President of Philippines: God Told Me to Stop Calling People Sons of Whores

President of Philippines: God Told Me to Stop Calling People Sons of Whores

Last year, when Rodrigo Duterte announced his candidacy for president of the Philippines, he thought it might be fun to start with an anecdote. So, speaking to a crowd of his supporters, he began describing a traffic jam he witnessed when the Catholic pope visited the island nation in early 2015.

“It took us five hours to get from the hotel to the airport. I asked who was coming,” he recalled. “They said it was the pope. I wanted to tell him ‘Pope, son of a whore, go home. Don’t visit anymore.’”

And just like that, as the prospective leader of a majority-Catholic country, he had suddenly called the pope the son of a whore. He later — in a very un-Duterte-like fashion — apologized repeatedly for what he said was a “joke.” And he claims that after writing a letter directly to the pope to express just how sorry he was, the Vatican wrote back with “an assurance of prayers” on the campaign trail.

Well, those prayers apparently worked: He won the election in May. Since then, in addition to launching a shoot-to-kill program to wipe out suspected drug dealers, he has just kept calling other people sons of whores instead. He even went so far as to use the term to describe U.S. President Barack Obama, who then scrapped a scheduled meeting with him in return.
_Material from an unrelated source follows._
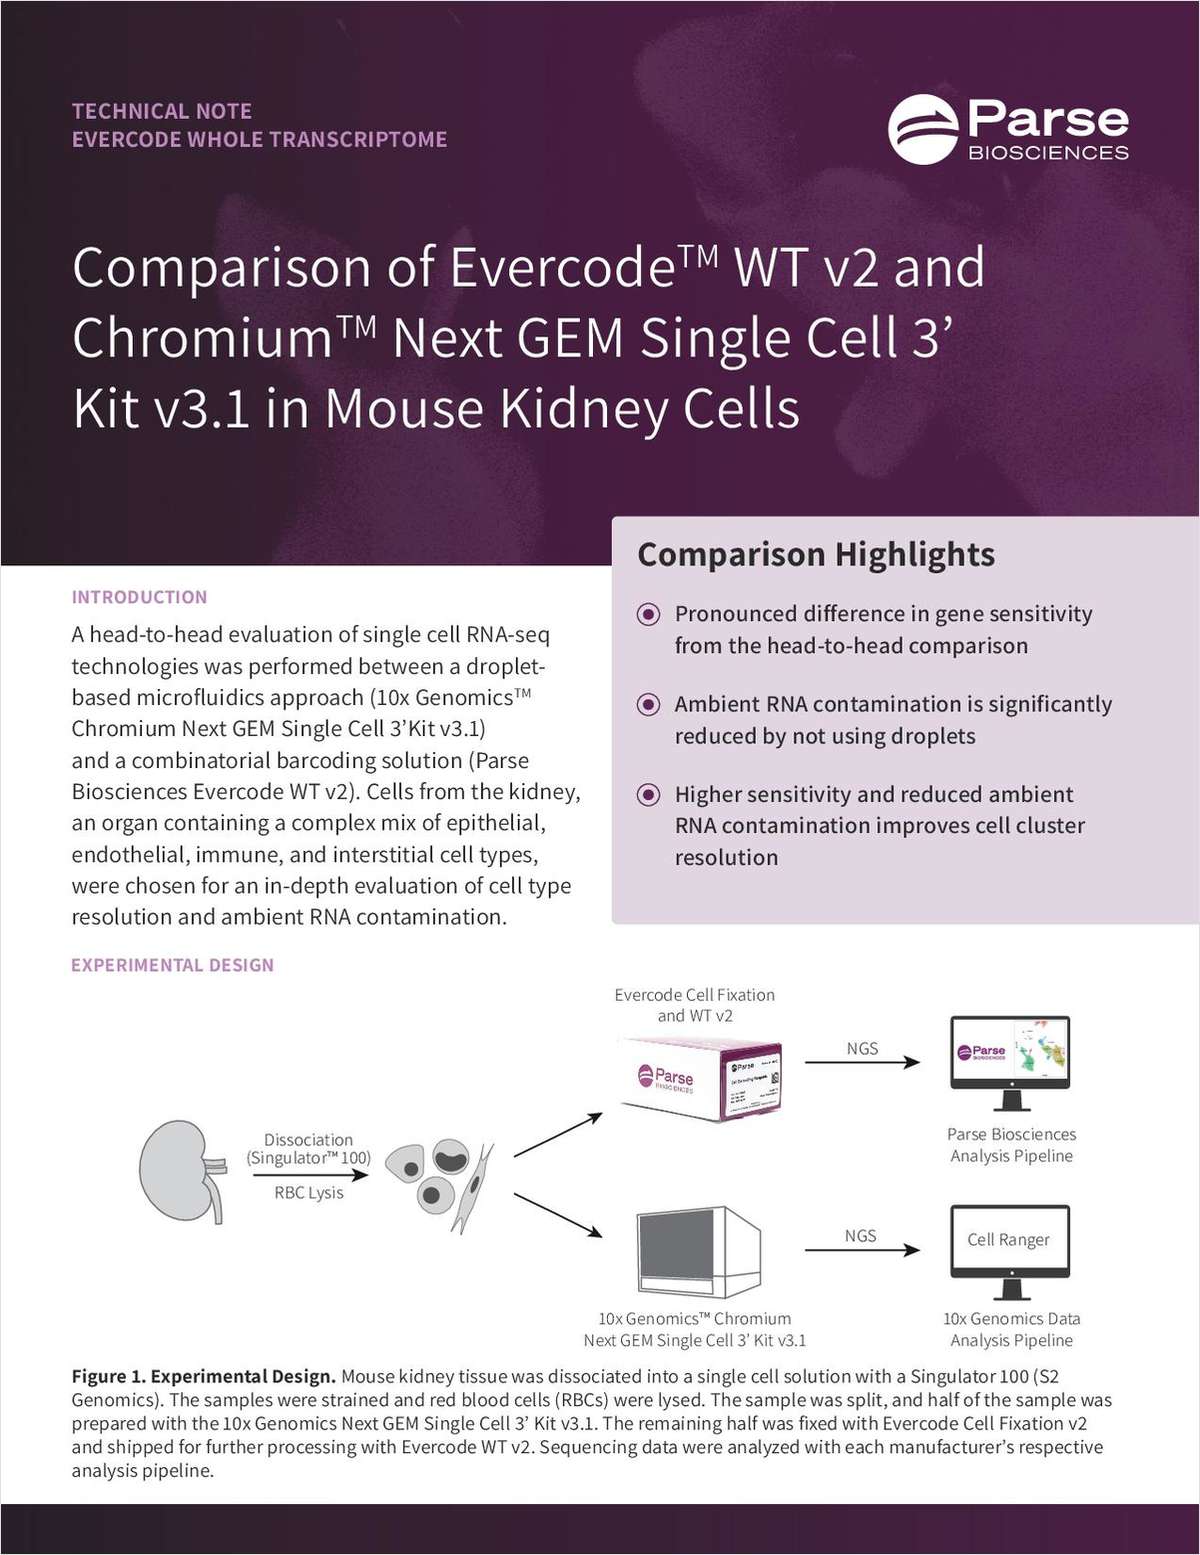 Ambient RNA Cross-Contamination Comparison Between Evercode WT v2 and Chromium Next GEM Single Cell 3' Kit v3.1 in Mouse Kidney Cells

But now, thanks to divine intervention, he says you won’t hear him say it again. On Friday, after a brief trip to Japan, Duterte landed at the airport in his hometown of Davao and announced he would not swear again. “I heard a voice telling me to stop swearing or the plane will crash in mid-air, and so I promised to stop,” he told reporters. He then went on to say that he will no longer “express slang, cuss words, and everything,” adding that a “promise to God is a promise to the Filipino people.”

Let’s just wait and see how long it takes for him to break that promise. Even after insisting he would not swear again, he admitted “there’s always a time for everything, a time to be foul-mouthed.”